We can solve this problem efficiently using the two-pointer technique after sorting.

Steps:

  1. Sort the array.

  2. Loop through each element i as the first number.

  3. Use two pointers:

    • left starts right after i
    • right starts at the end of the array
  4. Check the sum of nums[i] + nums[left] + nums[right]

    • If sum == 0 → save triplet
    • If sum < 0 → move left right
    • If sum > 0 → move right left
  5. Skip duplicates to avoid repeated triplets.


🧾 Python Code

from typing import List

def three_sum(nums: List[int]) -> List[List[int]]:
    nums.sort()
    result = []

    for i in range(len(nums) - 2):
        # Skip duplicate first numbers
        if i > 0 and nums[i] == nums[i - 1]:
            continue

        left, right = i + 1, len(nums) - 1
        while left < right:
            total = nums[i] + nums[left] + nums[right]

            if total == 0:
                result.append([nums[i], nums[left], nums[right]])

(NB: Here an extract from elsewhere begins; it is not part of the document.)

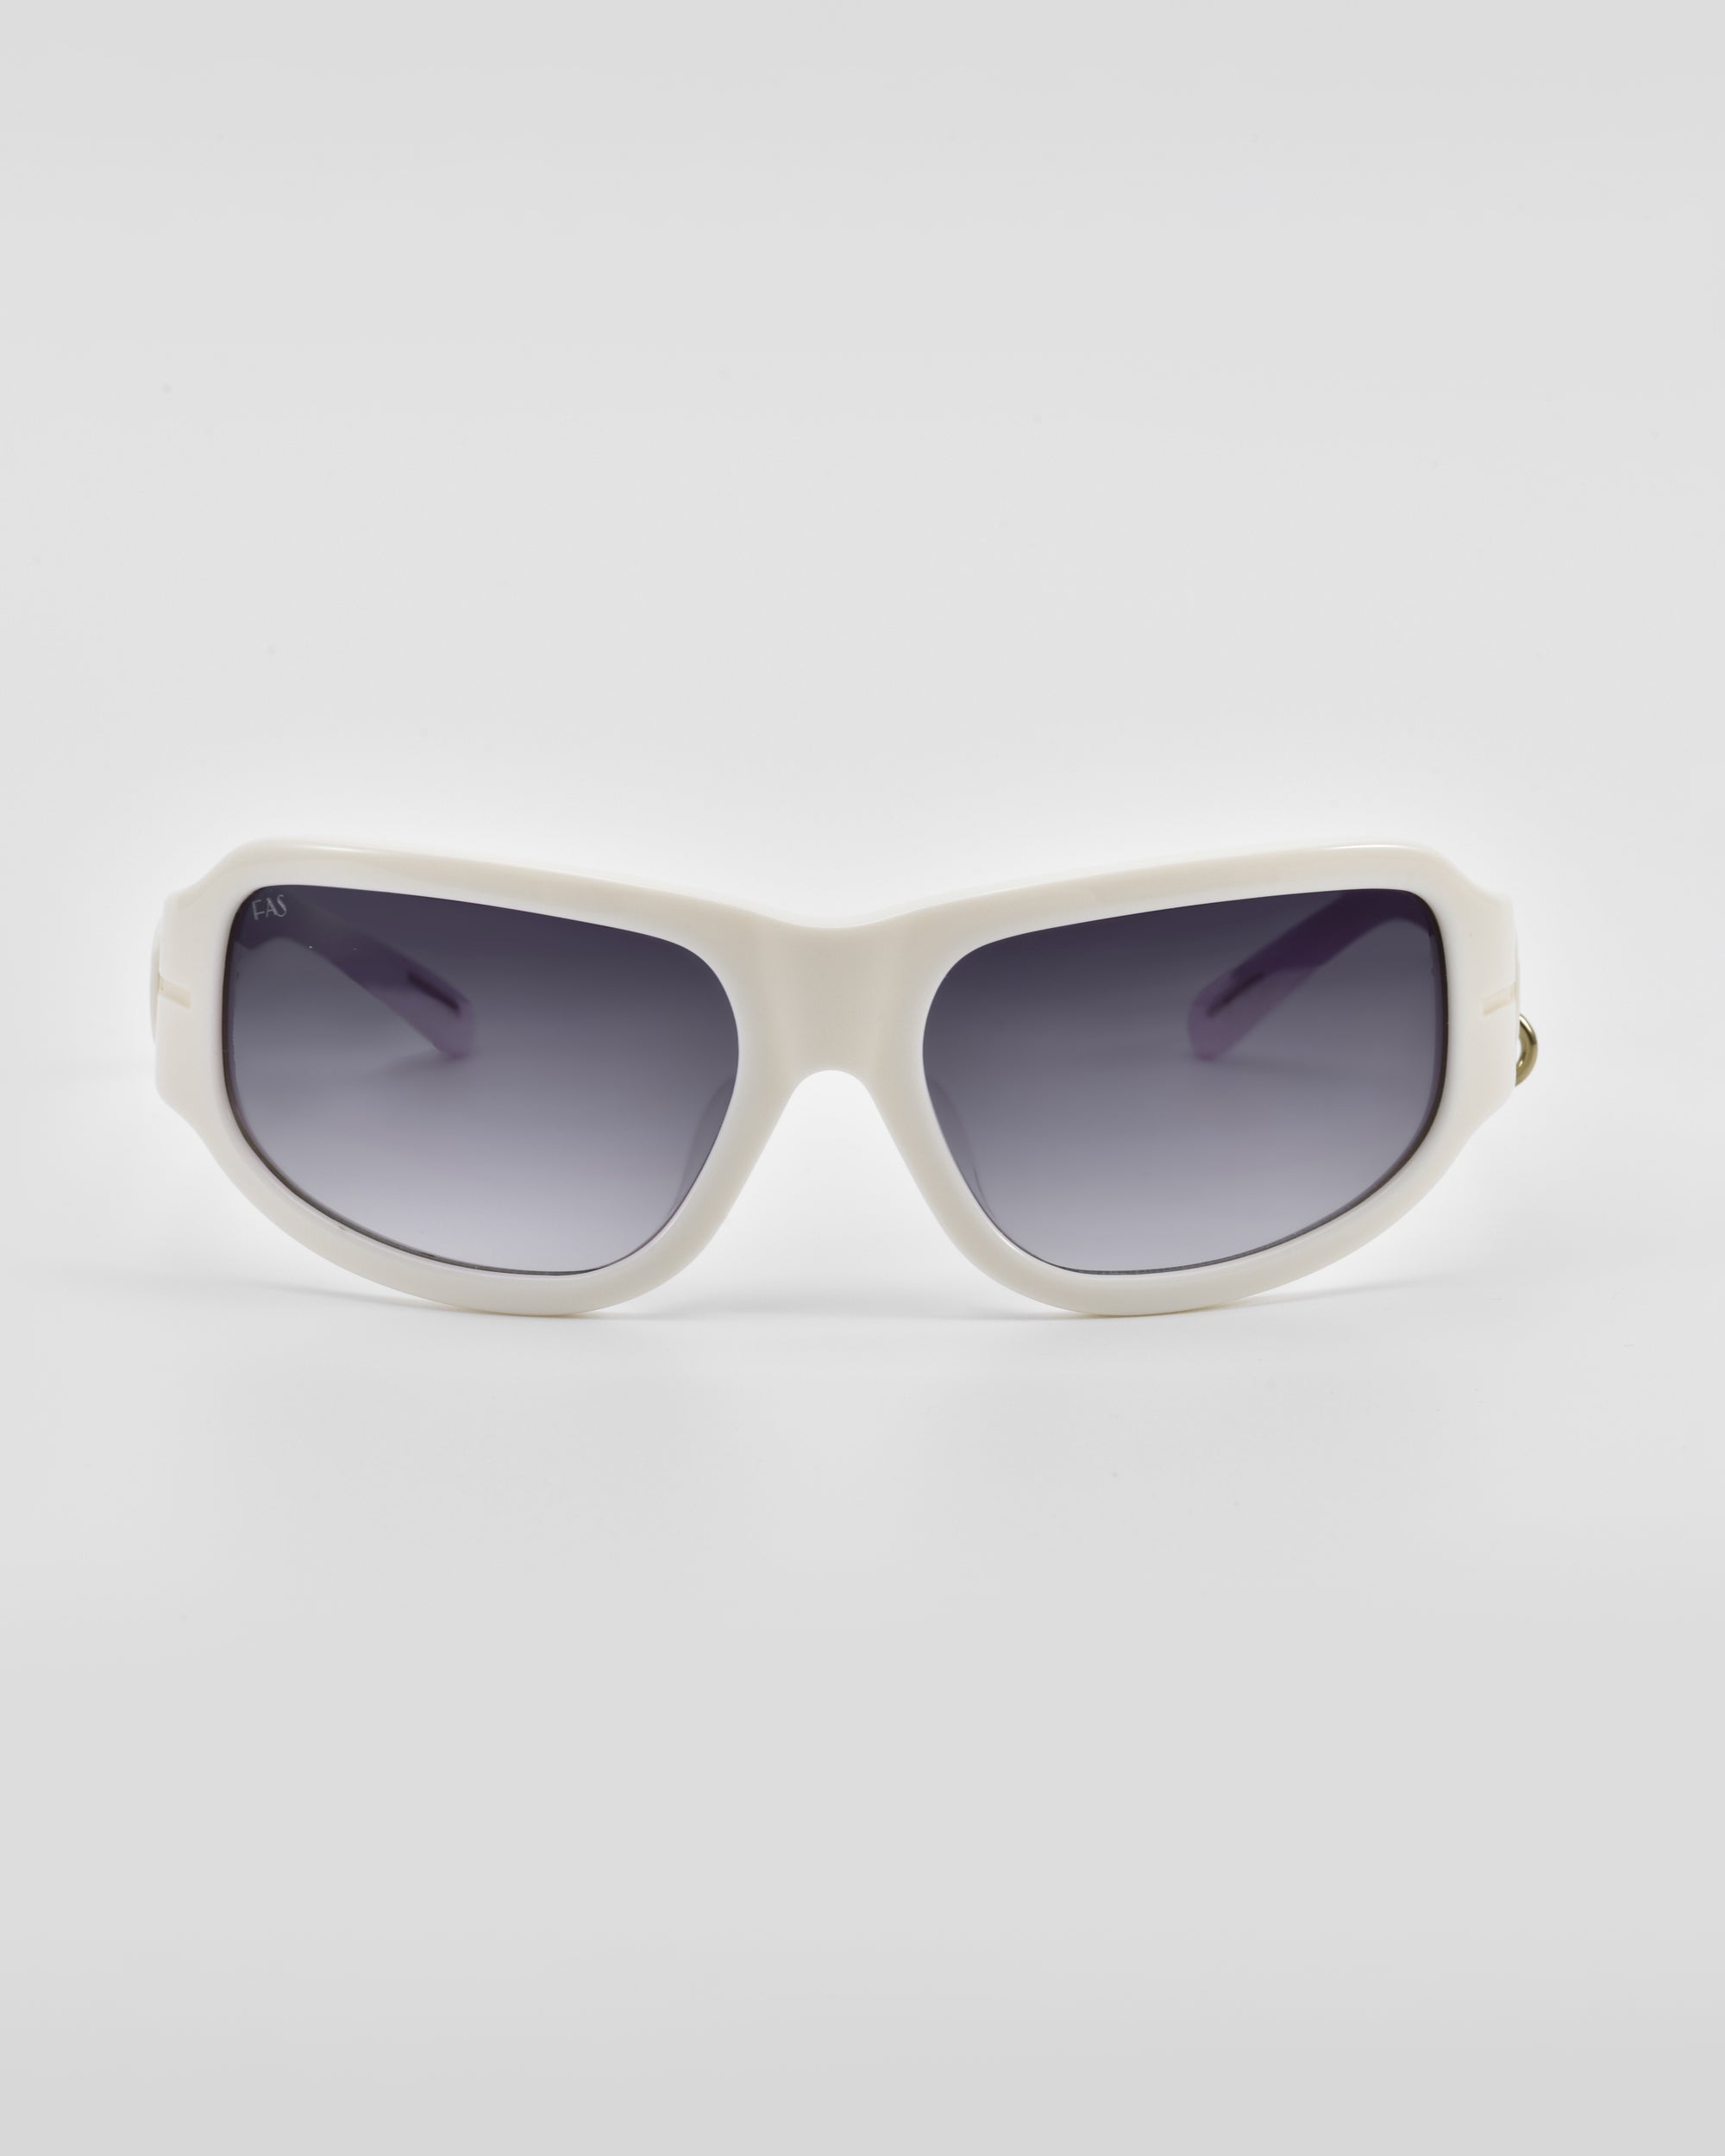 A pair of white-framed For Art&#39;s Sake® Raven sunglasses with dark, gradient lenses is displayed against a plain, light gray background. The sunglasses have a sleek, modern design with a slightly curved temple.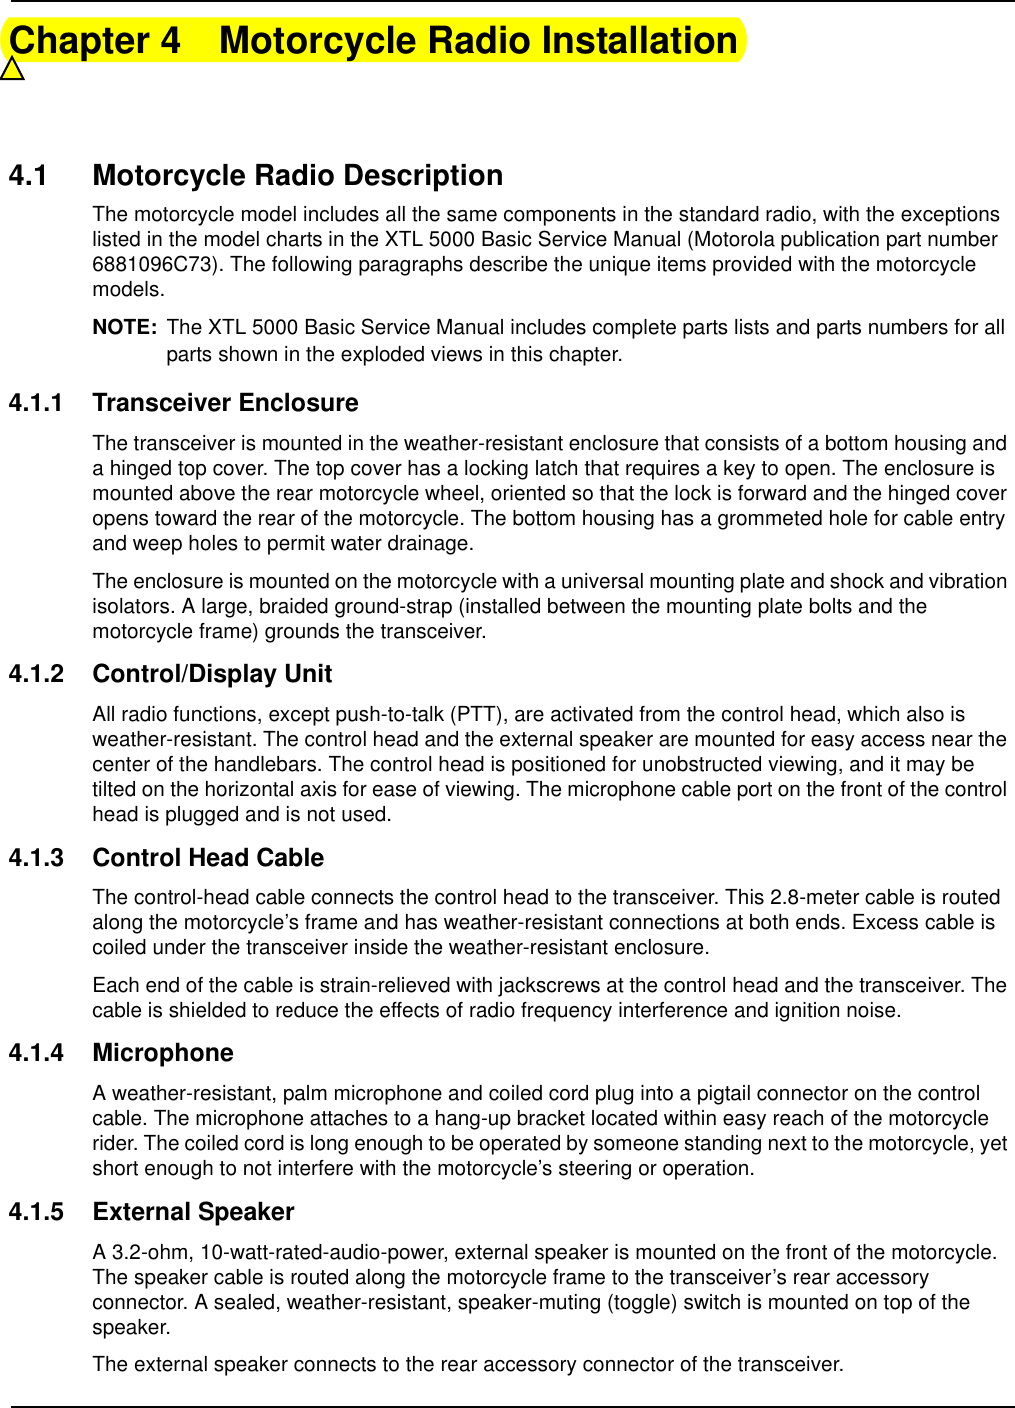 Chapter 4 Motorcycle Radio Installation4.1 Motorcycle Radio DescriptionThe motorcycle model includes all the same components in the standard radio, with the exceptions listed in the model charts in the XTL 5000 Basic Service Manual (Motorola publication part number 6881096C73). The following paragraphs describe the unique items provided with the motorcycle models. NOTE: The XTL 5000 Basic Service Manual includes complete parts lists and parts numbers for all parts shown in the exploded views in this chapter.4.1.1 Transceiver EnclosureThe transceiver is mounted in the weather-resistant enclosure that consists of a bottom housing and a hinged top cover. The top cover has a locking latch that requires a key to open. The enclosure is mounted above the rear motorcycle wheel, oriented so that the lock is forward and the hinged cover opens toward the rear of the motorcycle. The bottom housing has a grommeted hole for cable entry and weep holes to permit water drainage.The enclosure is mounted on the motorcycle with a universal mounting plate and shock and vibration isolators. A large, braided ground-strap (installed between the mounting plate bolts and the motorcycle frame) grounds the transceiver.4.1.2 Control/Display UnitAll radio functions, except push-to-talk (PTT), are activated from the control head, which also is weather-resistant. The control head and the external speaker are mounted for easy access near the center of the handlebars. The control head is positioned for unobstructed viewing, and it may be tilted on the horizontal axis for ease of viewing. The microphone cable port on the front of the control head is plugged and is not used. 4.1.3 Control Head CableThe control-head cable connects the control head to the transceiver. This 2.8-meter cable is routed along the motorcycle’s frame and has weather-resistant connections at both ends. Excess cable is coiled under the transceiver inside the weather-resistant enclosure.Each end of the cable is strain-relieved with jackscrews at the control head and the transceiver. The cable is shielded to reduce the effects of radio frequency interference and ignition noise.4.1.4 MicrophoneA weather-resistant, palm microphone and coiled cord plug into a pigtail connector on the control cable. The microphone attaches to a hang-up bracket located within easy reach of the motorcycle rider. The coiled cord is long enough to be operated by someone standing next to the motorcycle, yet short enough to not interfere with the motorcycle’s steering or operation.4.1.5 External SpeakerA 3.2-ohm, 10-watt-rated-audio-power, external speaker is mounted on the front of the motorcycle. The speaker cable is routed along the motorcycle frame to the transceiver’s rear accessory connector. A sealed, weather-resistant, speaker-muting (toggle) switch is mounted on top of the speaker.The external speaker connects to the rear accessory connector of the transceiver.

                # Skip duplicates
                while left < right and nums[left] == nums[left + 1]:
                    left += 1
                while left < right and nums[right] == nums[right - 1]:
                    right -= 1

                left += 1
                right -= 1

            elif total < 0:
                left += 1
            else:
                right -= 1

    return result

🧮 Example Run

nums = [-1, 0, 1, 2, -1, -4]
print(three_sum(nums))

Output:

[[-1, -1, 2], [-1, 0, 1]]

⏱️ Time & Space Complexity

StepComplexity
SortingO(n log n)
Two-pointer scan for each elementO(n²)
Total TimeO(n²)
SpaceO(1) (ignoring output list)

🎯 Key Takeaways

✅ Use sorting + two pointers for efficiency ✅ Skip duplicate numbers to avoid repeating triplets ✅ Time complexity is O(n²) which is optimal for this problem


🌍 Real-World Analogy

Think of having three friends splitting a dinner bill.

Each friend contributes money — some might overpay, some might underpay. You want to find three people whose total payments perfectly balance the cost.

That’s exactly what the 3Sum problem does — find groups that sum to zero (balanced).


🧱 Summary

ConceptExplanation
ProblemFind triplets that sum to 0
InputArray of integers
OutputList of unique triplets
TechniqueSorting + Two pointers
Time ComplexityO(n²)
Real World ExampleBalancing profit/loss or group payments

🚀 Final Thoughts

The 3Sum problem teaches you the art of reducing complexity by sorting and using two-pointer logic — a pattern you’ll see in many array problems.